Thanks for that .tgd Oshyan, having a play with it now as I hit a totally blank inspiration spot and this woke up the little grey cells.
something borrowed,
something Blue.
Ring out the Old.
Bring in the New
Bobby Stahr, Paracosmologist

bobbystahr

Here's a small test render of where this example leads with a bit of tweaking...thanks again for sharing this Oshyan.
something borrowed,
something Blue.
Ring out the Old.
Bring in the New
Bobby Stahr, Paracosmologist

WAS

Quote from: bobbystahr on October 07, 2018, 06:51:07 PM
Here's a small test render of where this example leads with a bit of tweaking...thanks again for sharing this Oshyan.

Nice tweaks Bobby, also nice cloud setup.

bobbystahr

Quote from: WASasquatch on October 07, 2018, 07:57:38 PM
Quote from: bobbystahr on October 07, 2018, 06:51:07 PM
Here's a small test render of where this example leads with a bit of tweaking...thanks again for sharing this Oshyan.

Nice tweaks Bobby, also nice cloud setup.
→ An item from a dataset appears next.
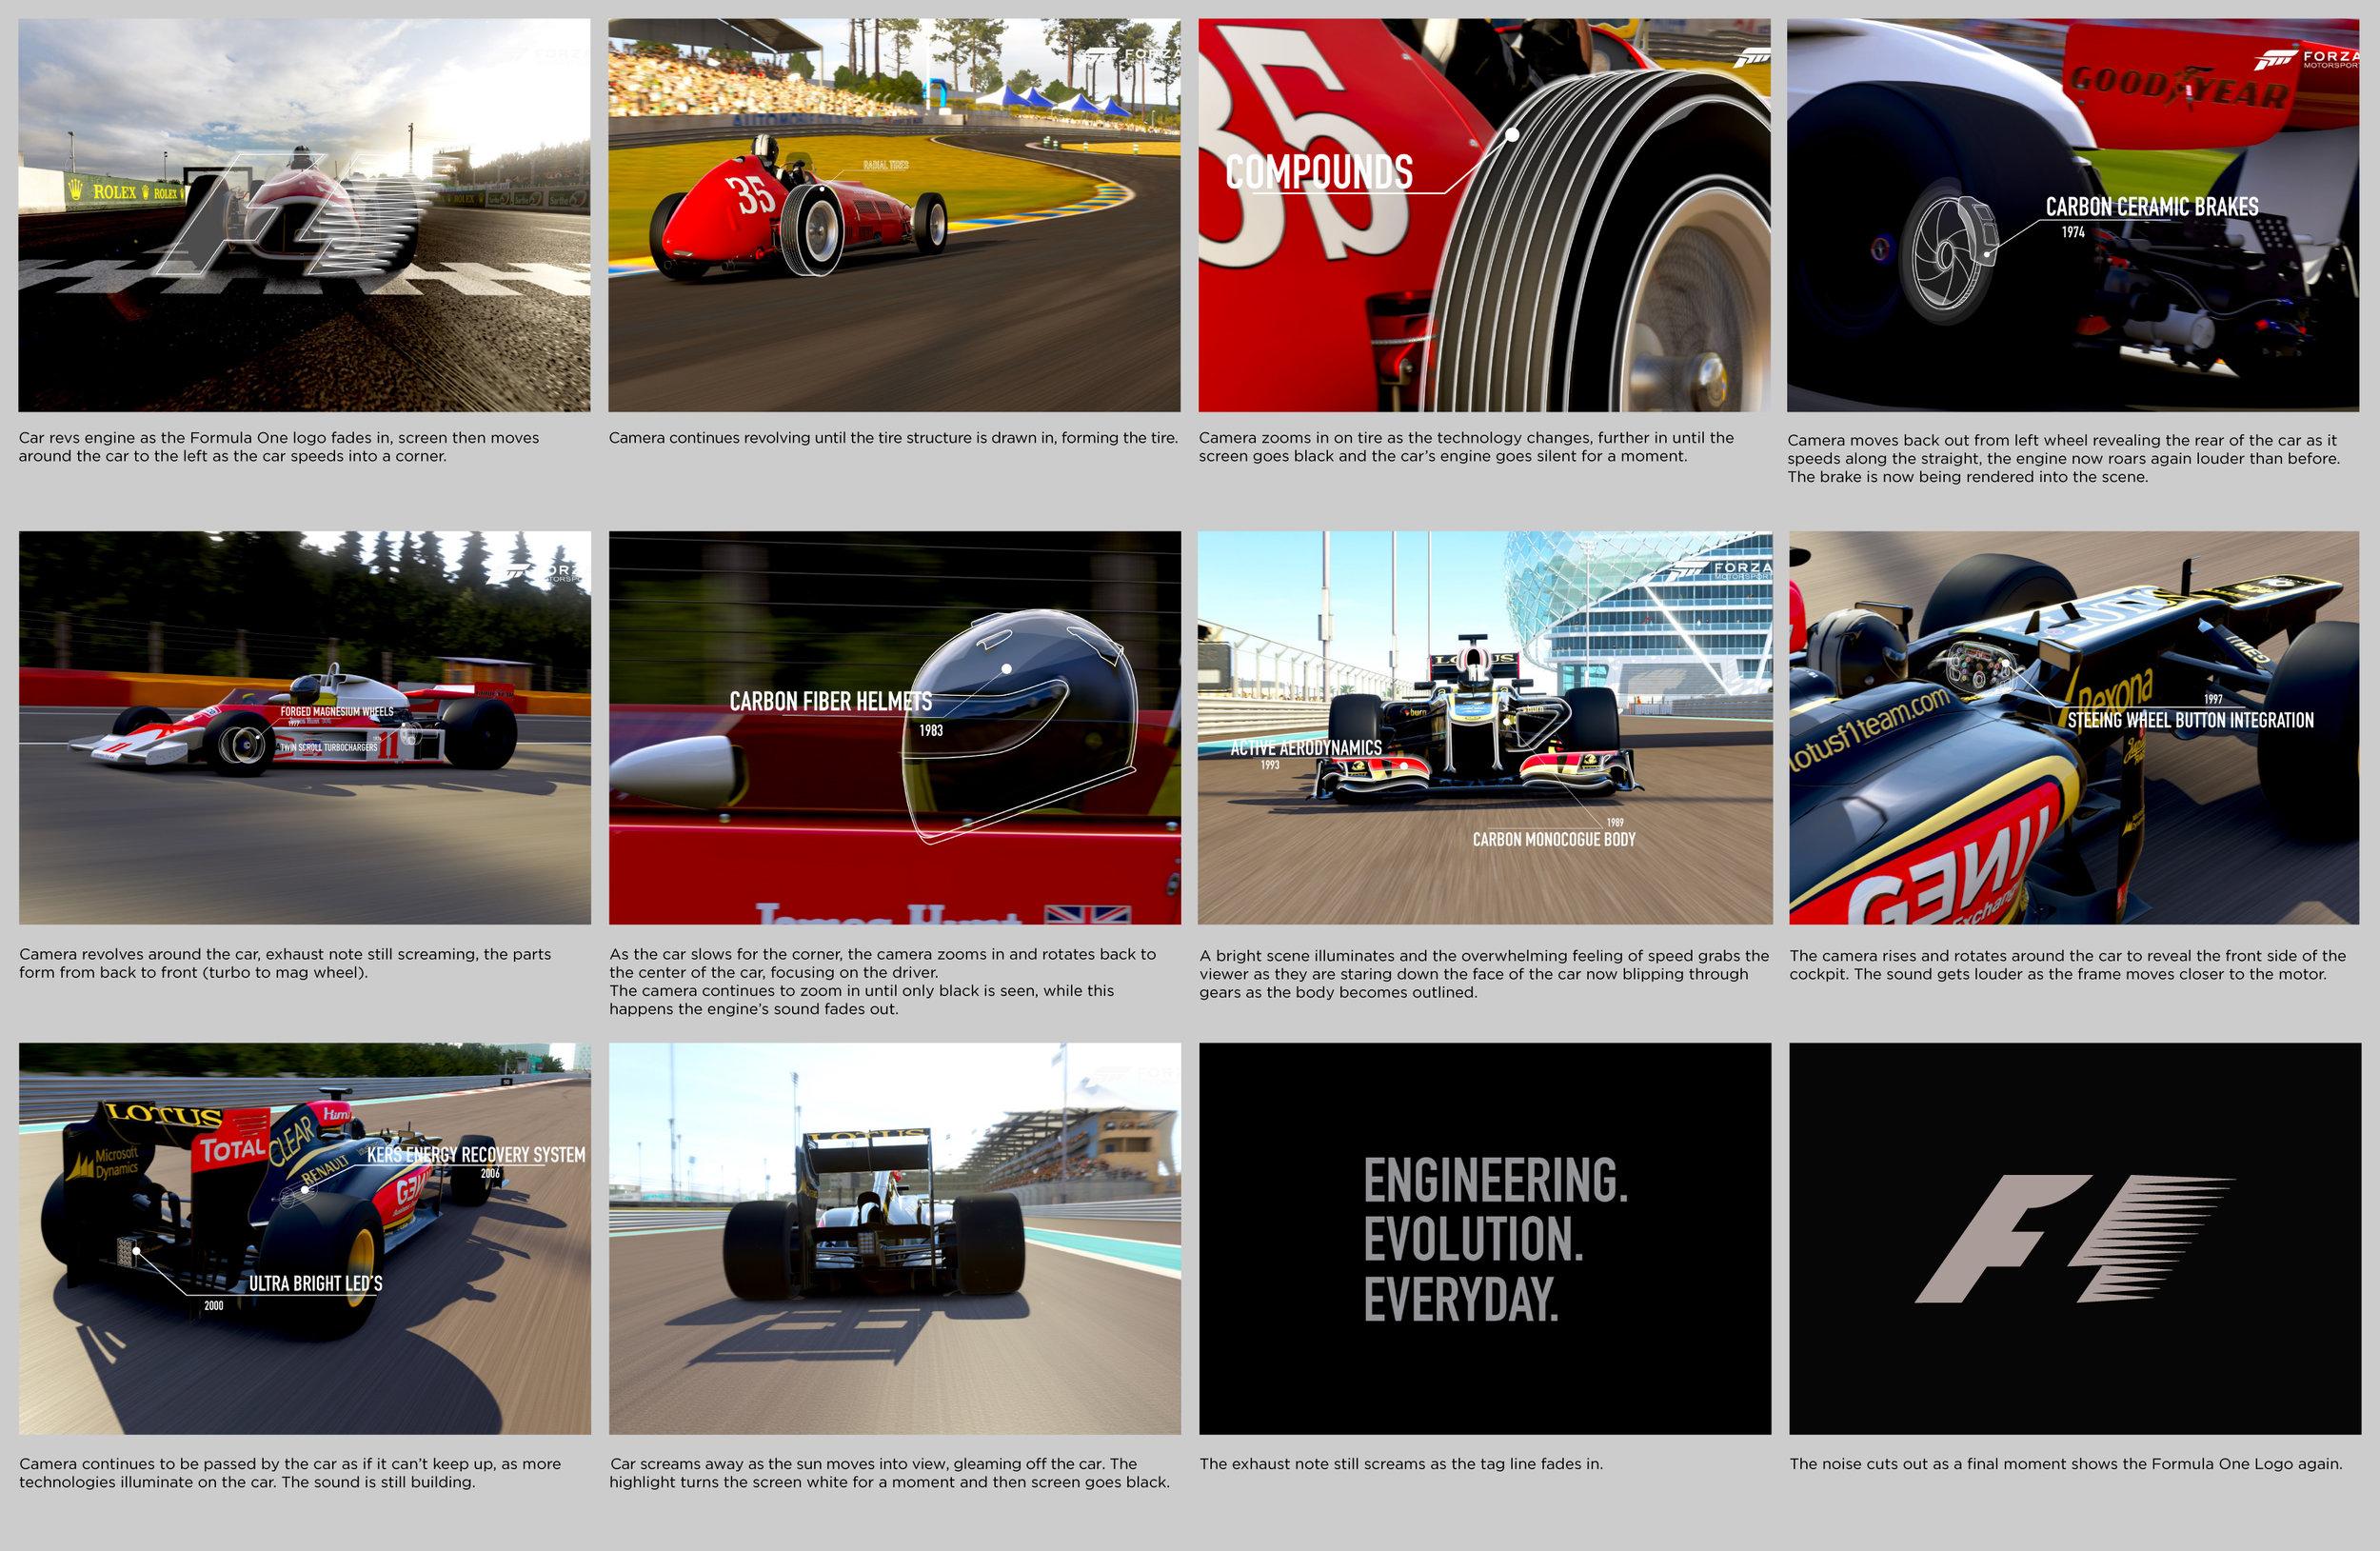 F1_50thAnniv_Detail_30sMotionConcept-08.jpg

That's one I got from Bob(chornor) before he passed away and I tweak it often
something borrowed,
something Blue.
Ring out the Old.
Bring in the New
Bobby Stahr, Paracosmologist

Tangled-Universe

If the 'Fractal terrain 01' does not generate colour then the multiply colour will generate zero.
As far as I know a dot product expects a vector as input, but perhaps it also accepts colour, but it's unclear whether there's colour present in that data-connection. I suppose there is, otherwise you would have not done that, but on the other hand...I see things happening in the screenshot which make me unsure of that statement.

Then you multiply the vector but it has no input, so there's nothing happening there.
In that case TG passes on the data unmodified, but this may only apply if the main input (left port) has input and the right one does not.

Then, the result of this function is used as a function for displacement, that's by principle fine. It's just a huge question what's going in there.

However, you connected your 'Fractal terrain 01' output into the displacement shader and what happens in this case is that the displacement from the terrain fractal is fed into this connection as well.
So in this side-chain of your network the displacement of the terrain fractal is present and perhaps extra displacement if the blue node network actually does something.

Lastly, you add some base colours (no problem) and feed the whole thing to the distribution shader.
What happens is that by doing this you ADD the 'fractal terrain 01' displacement + result of the blue node network to the already existing terrain, causing the large increased displacement.
The result you're seeing is entirely dependent on
1) whatever is going on that blue node network part
2) the altitude/slope restrictions in your distribution shader, since there's no active masking occuring according to the network.

PabloMack

Thanks to all. I'll have to look at all of this again once I get some time.